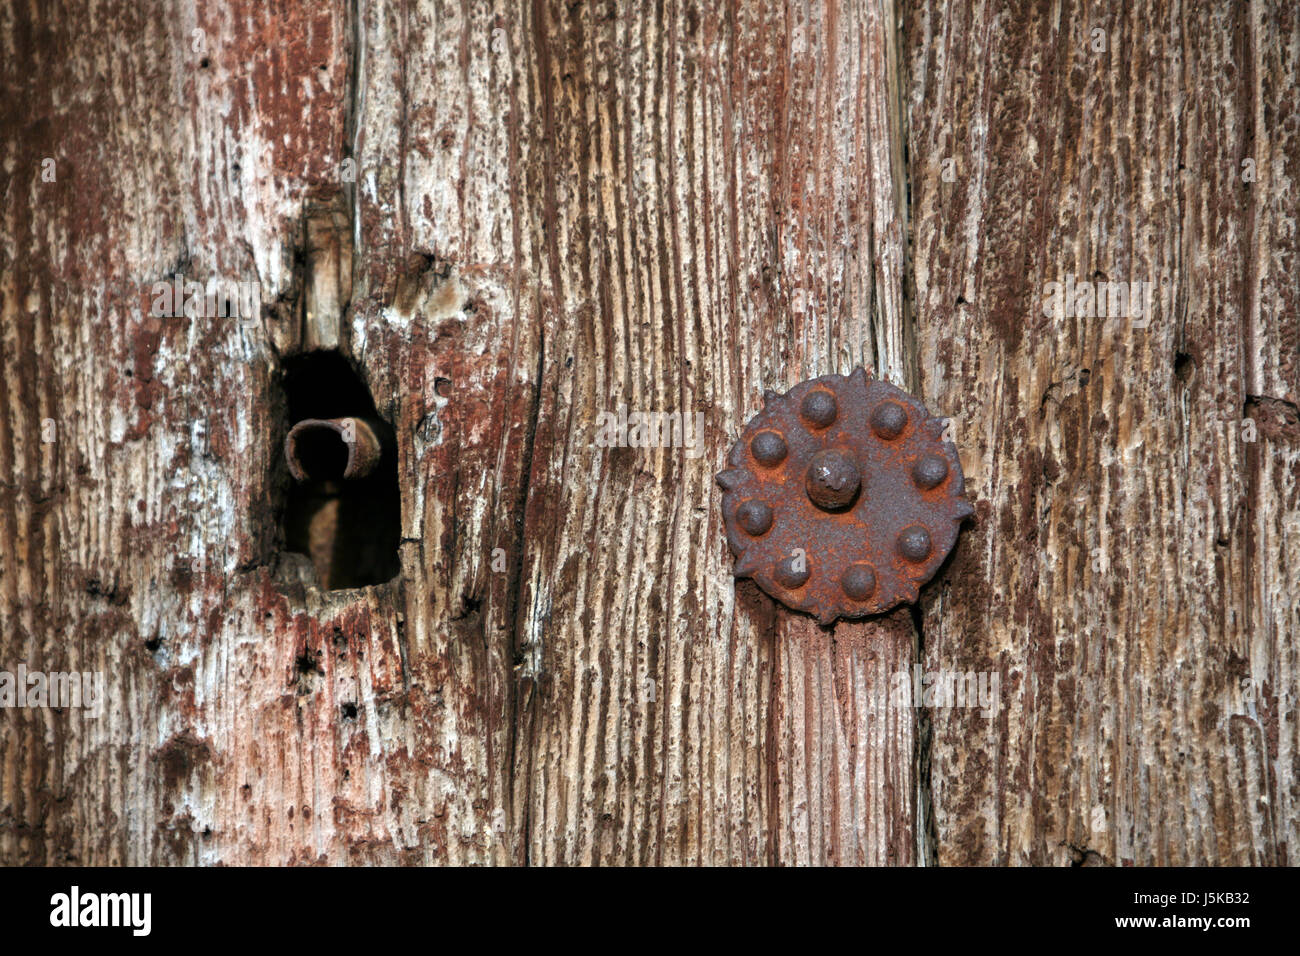 lock wood antique door andalusia keyhole metal fittings cordoba structure old Stock Photo
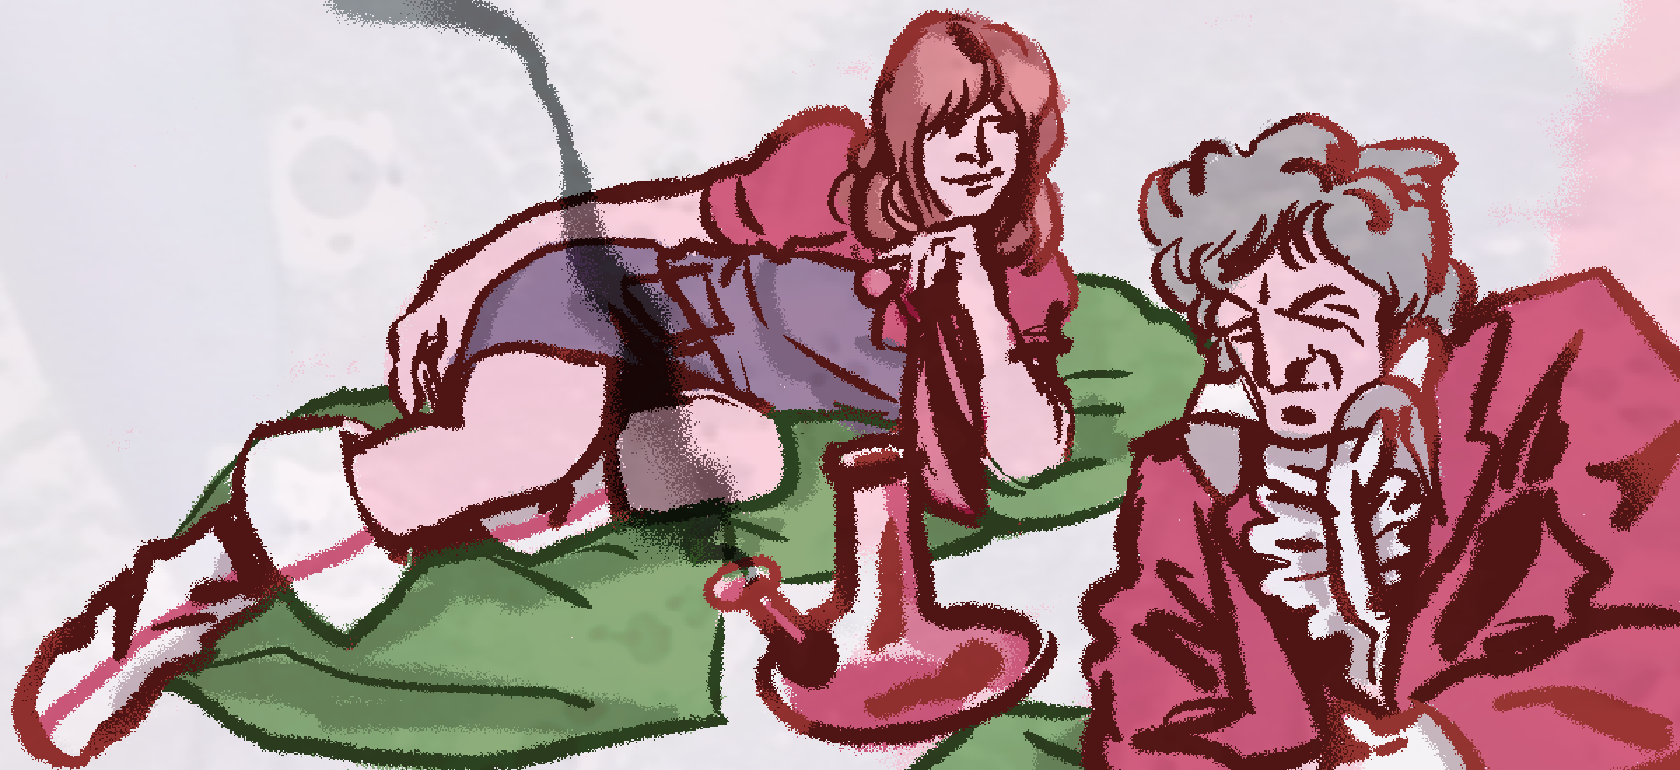 Pixel art doodle of Jo Grant and the third Doctor from Doctor Who lying on green pillows with a smoking bong between them. Jo is wearing a red shirt under a blue overall dress and white boots, and the third Doctor is wearing his usual red velvet smoking jacket with a ruffly white shirt underneath.
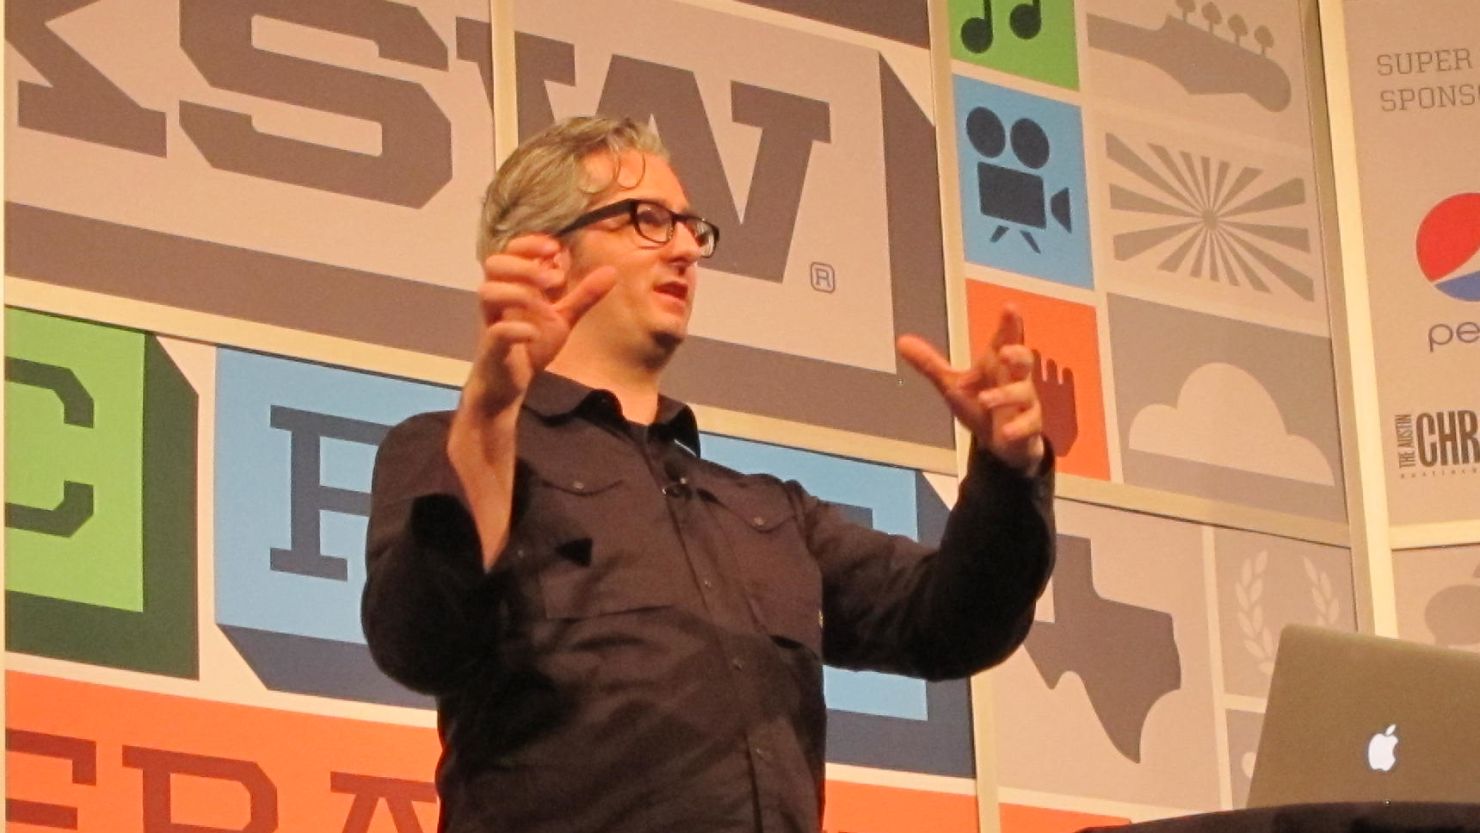 MakerBot CEO Bre Pettis speaks Friday at the South by Southwest Interactive festival in Austin, Texas.
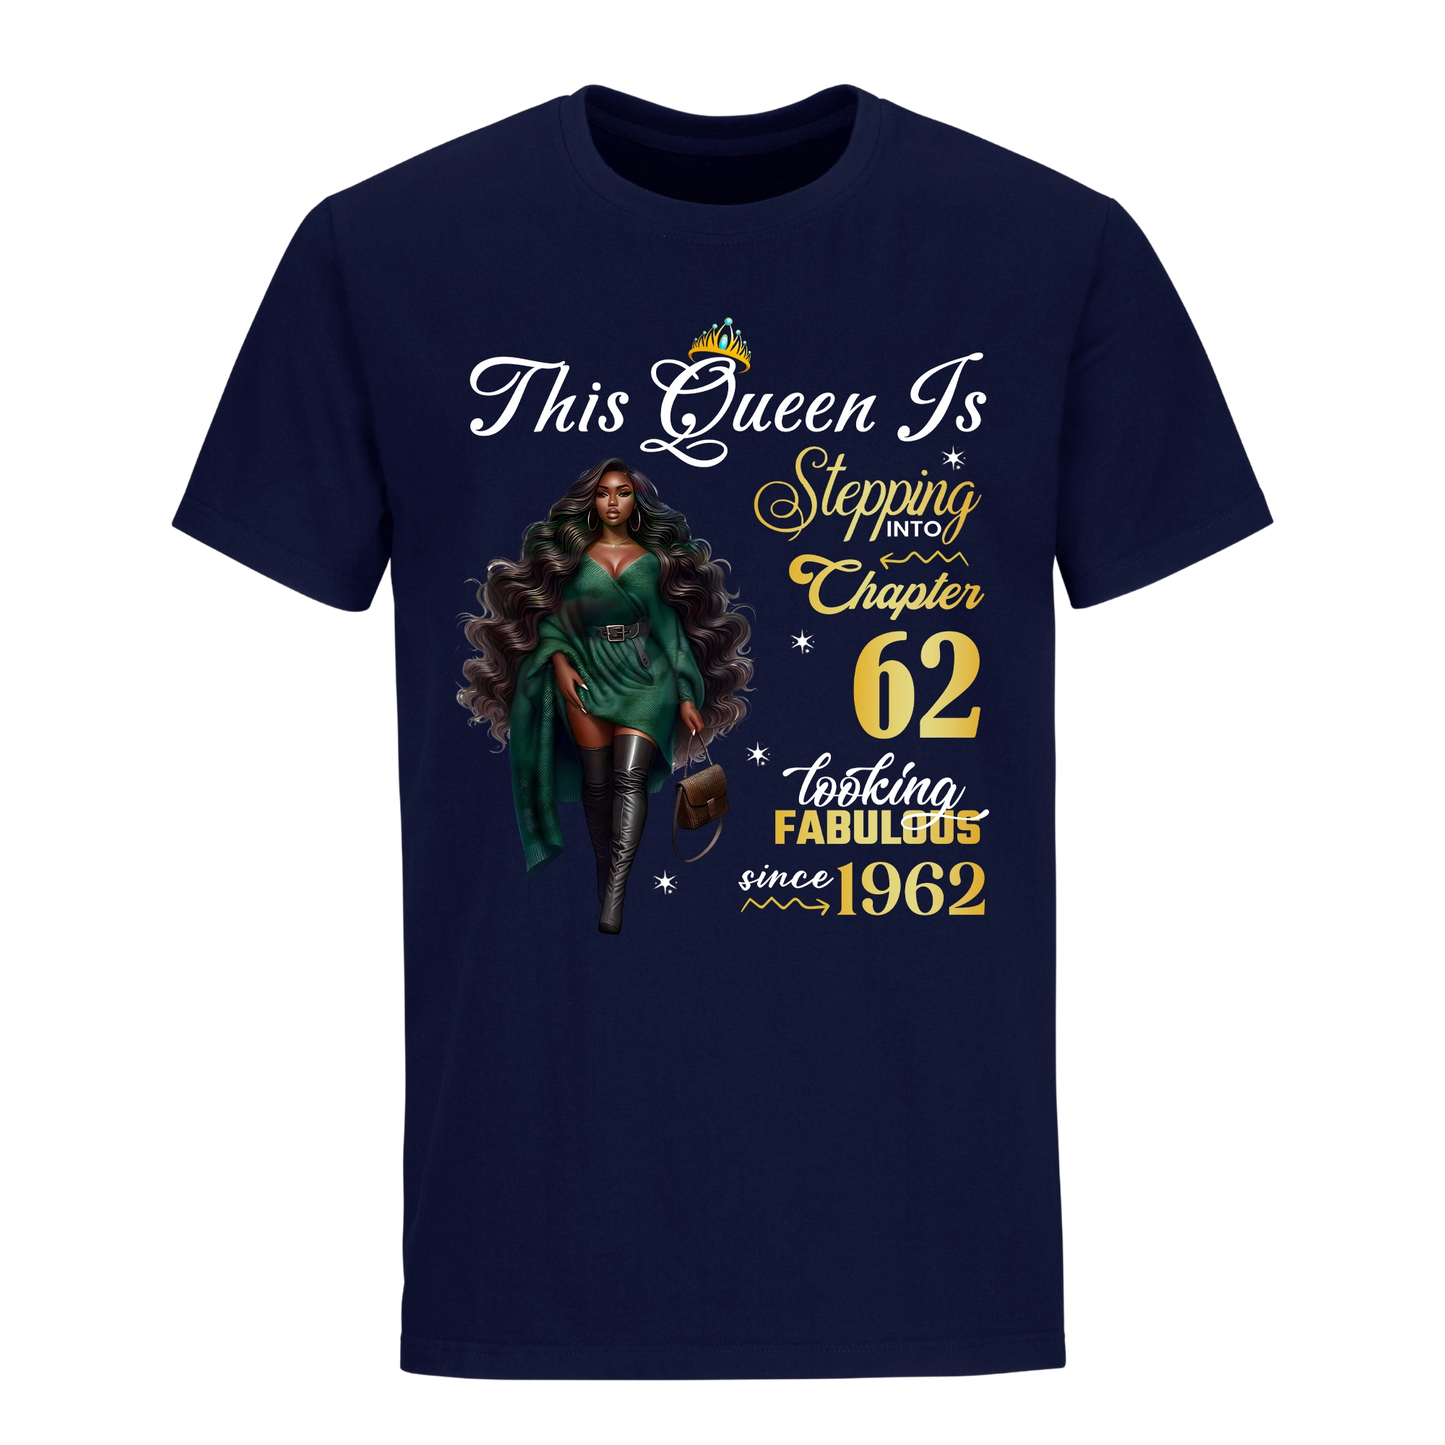 THIS QUEEN IS LOOKING FABULOUS 62 UNISEX SHIRT

◇ ◇ ◇ ◇ ◇

## ABOUT THIS EXERCISE
Print the listing exactly, but skip its pictures.

## EXPECTED OUTPUT
 lock wood antique door andalusia keyhole metal fittings cordoba structure old Stock Photo
 Pixel art doodle of Jo Grant and the third Doctor from Doctor Who lying on green pillows with a smoking bong between them. Jo is wearing a red shirt under a blue overall dress and white boots, and the third Doctor is wearing his usual red velvet smoking jacket with a ruffly white shirt underneath.
 MakerBot CEO Bre Pettis speaks Friday at the South by Southwest Interactive festival in Austin, Texas.
 THIS QUEEN IS LOOKING FABULOUS 62 UNISEX SHIRT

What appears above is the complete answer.